| Work request |
Since the copy must hold text only, transcribe the data below exactly and omit the images.

| Dataset section |
——

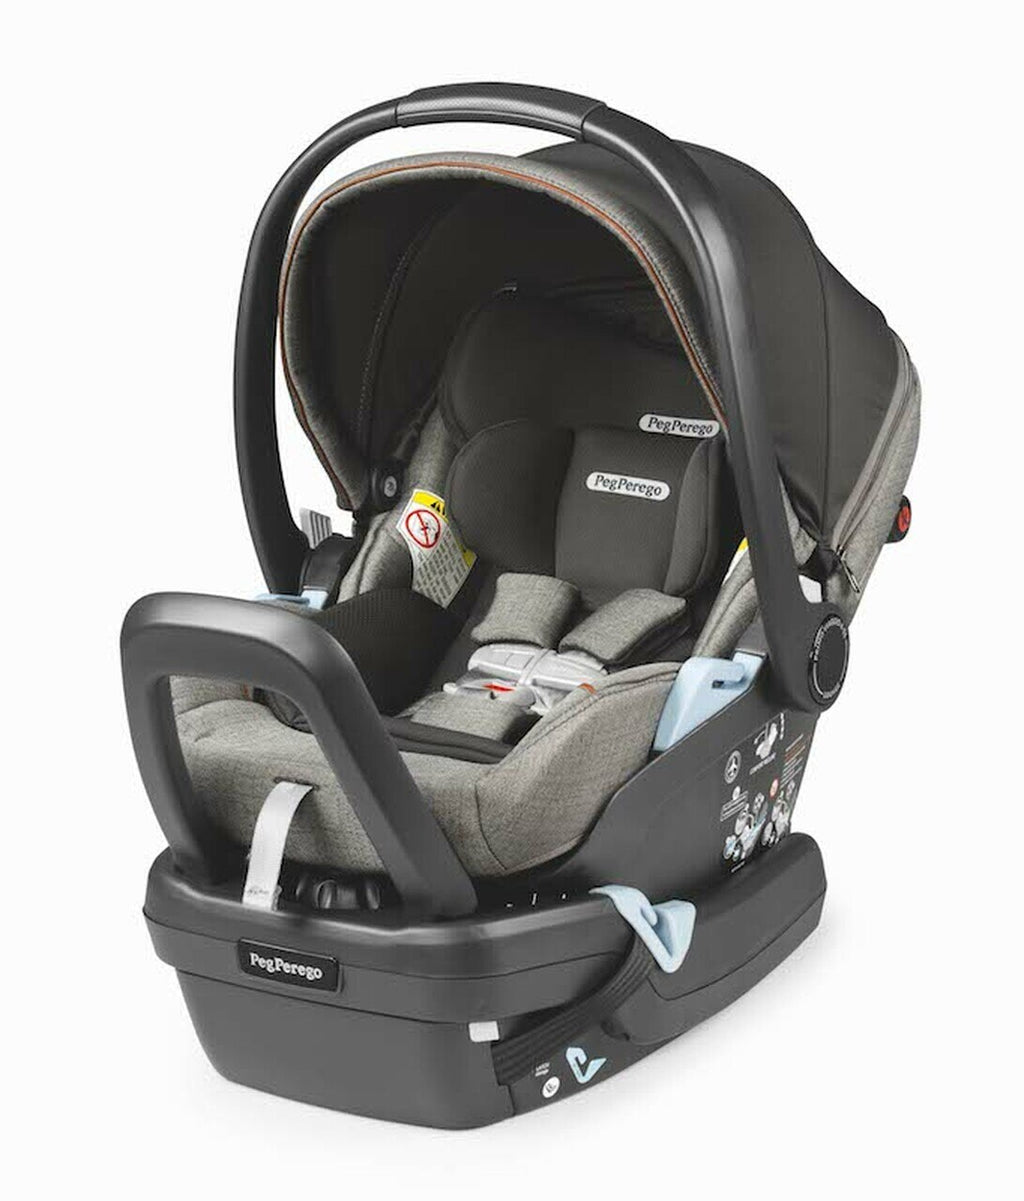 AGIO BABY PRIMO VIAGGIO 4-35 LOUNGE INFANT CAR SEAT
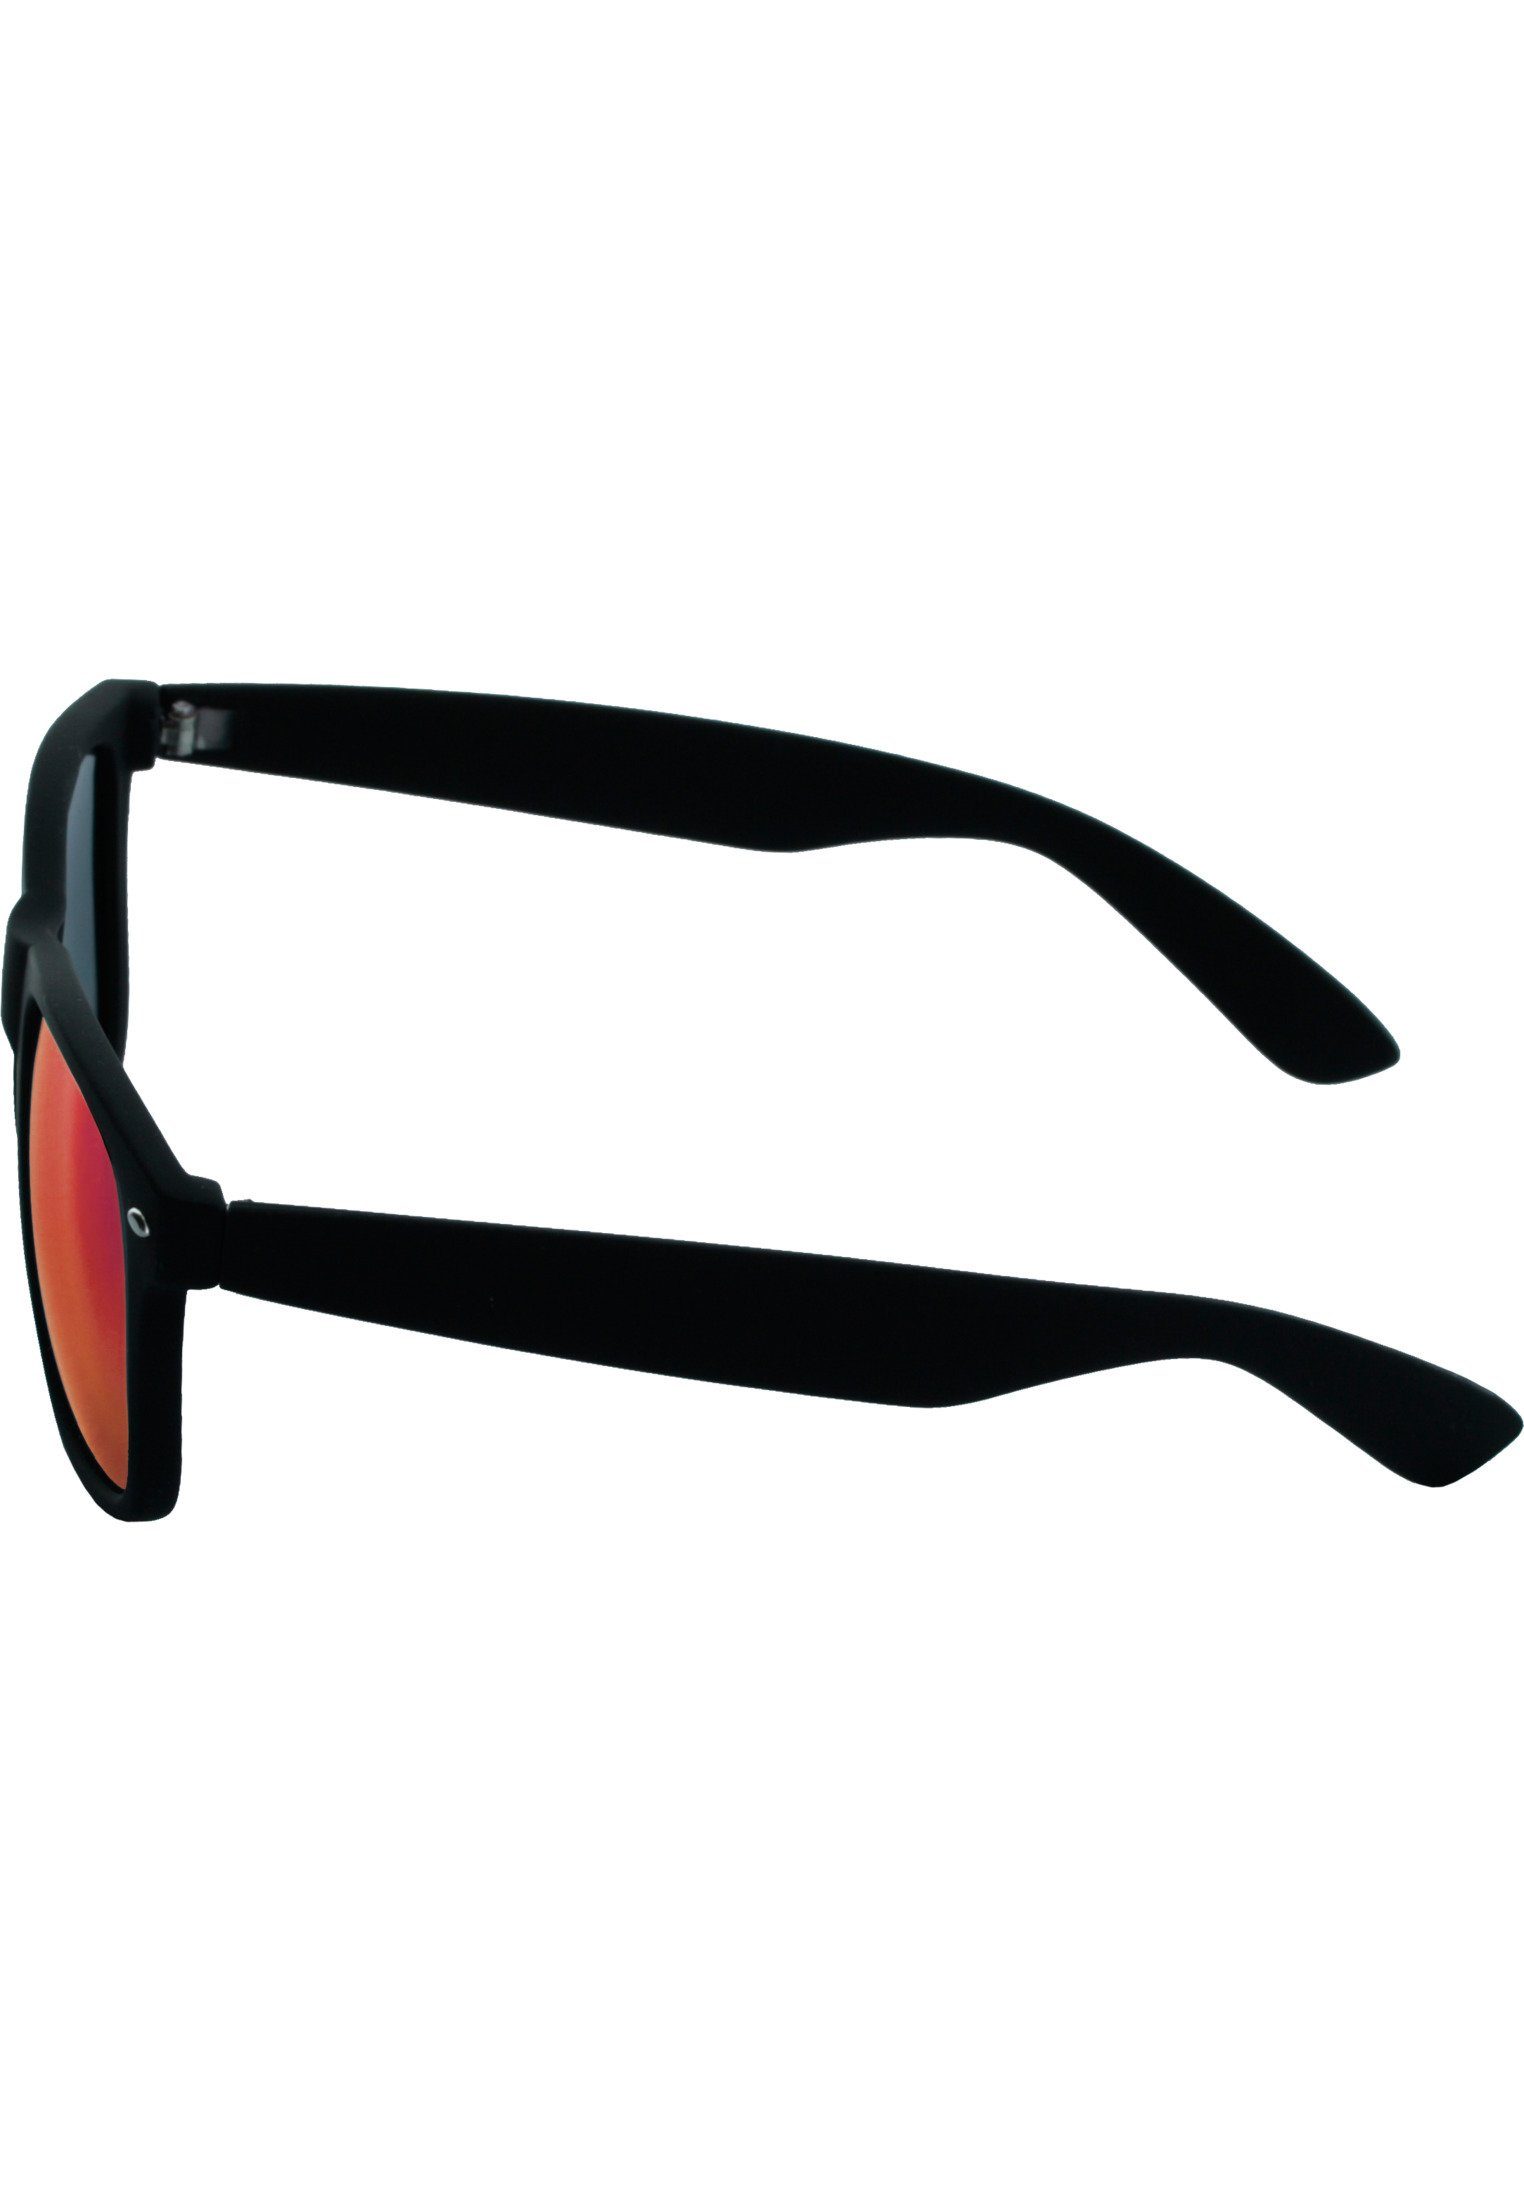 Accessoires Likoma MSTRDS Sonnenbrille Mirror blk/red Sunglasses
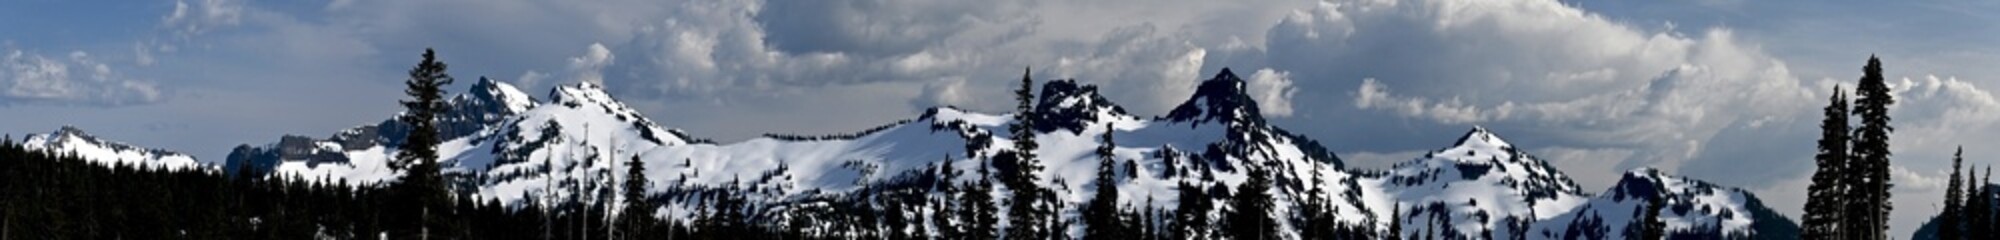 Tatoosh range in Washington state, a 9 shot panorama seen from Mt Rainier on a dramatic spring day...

——

| Your solution |
 AGIO BABY PRIMO VIAGGIO 4-35 LOUNGE INFANT CAR SEAT
 Accessoires Likoma MSTRDS Sonnenbrille Mirror blk/red Sunglasses
 Tatoosh range in Washington state, a 9 shot panorama seen from Mt Rainier on a dramatic spring day...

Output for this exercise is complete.